Колыбельная для эльфа - Хрипина-Головня Ольга "Amarisuna". Страница 91

…Хранительница сомкнула пальцы на рукояти Силеля и фигуры с тихим шелестом песка осыпались на пол. Суна кивнула, сжала покрепче меч и вышла из комнаты. Прошла, оставляя следы в пыли, спустилась по лестнице и покинула Дом. Было тихо-тихо вокруг, как будто на всей земле не осталось больше ни одной души. Хотя где-то рядом бежал, силясь успеть, Амарг, великий воин и Правитель эмъенов, так обрадовавшийся своей победе и так бездарно, смешно, позорно опоздавший. Где-то там, растянув губы в презрительной улыбке, коротко крикнула, подавая сигнал к наступлению, Аша. Где-то там вглядывалась в горизонт Андагриэль, гадающая, как скоро она встретится с войском эмъенов. Где-то там горели города и деревни, и кусал губы молодой арг, тайком доставая отцовскую секиру. Они уже решили с друзьями, пойдут к Килуэрну, помогать эльфам. Неужели они хуже сельтов, которые, по слухам, бесстрашно встали на защиту границ?
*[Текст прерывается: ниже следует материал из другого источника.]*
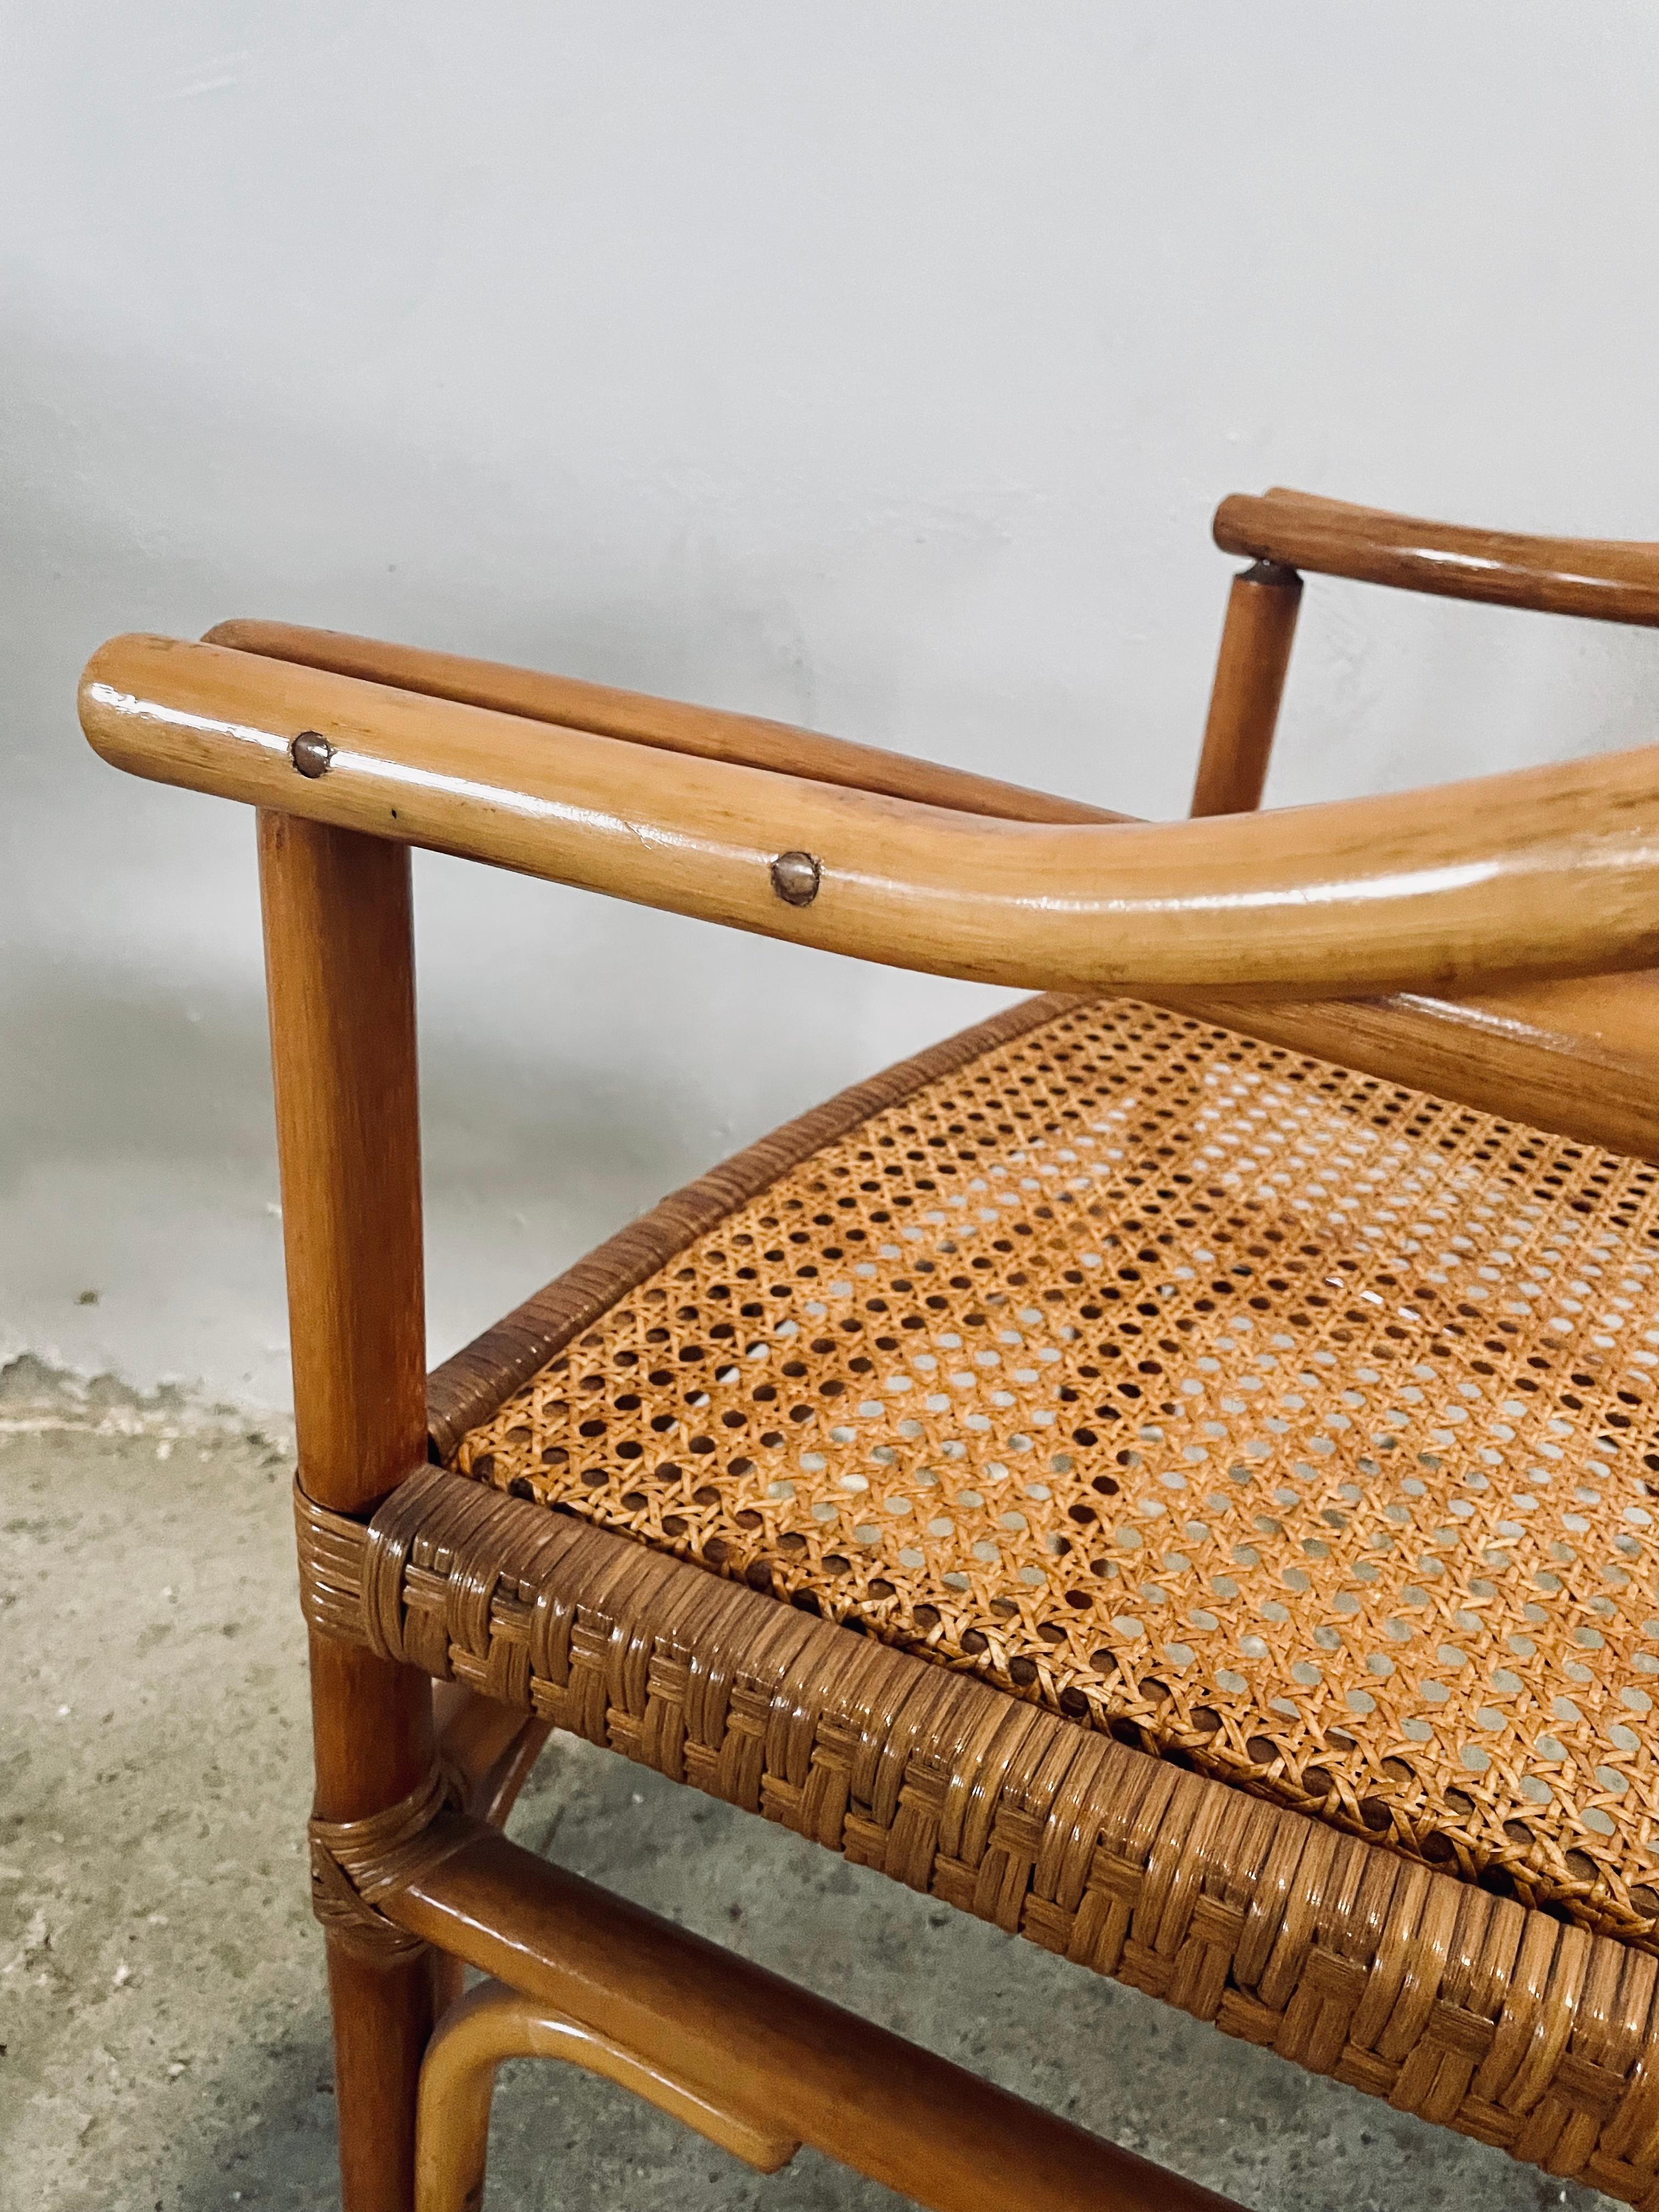 1 of 3, Rare French Vintage Bistro rattan and/o bamboo Chairs or dining chairs, original color, great patina, sturdy, strong frames, new rattan seats just replaced.

**Le prix de l'offre est pour CHAQUE chaise, il y en a trois de disponibles, vous

Суна подняла голову вверх. Небо стало свинцово-тяжелым, предвещающим грозу редкими всполохами молний. Хотя, в это время сезона гроз больше не бывает.

Лучи солнца тянулись сквозь тучи, пытаясь коснуться земли, и гасли, не доходя до нее. В окутавшем окрестности тяжелом сумраке волосы девушки казались темными.

Сжатый в руке меч полыхнул искрой.

Если же Мессайю призвал бы кто-то из Хранителей, то расплатился бы за поступок своей жизнью, а Мессайя не смог бы уйти в небытие и погиб. Так, мир лишился бы защиты навсегда.

Амарисуна закрыла глаза и подняла меч.

Откуда-то донесся полный отчаянья и угрозы крик.

Поздно. Ты не успеешь добежать до меня. Войны не будет, мои родичи не погибнут и не будет новых слез и страданий. Я сама закончу эту войну, я сумею, я справлюсь, я не отдам Силель.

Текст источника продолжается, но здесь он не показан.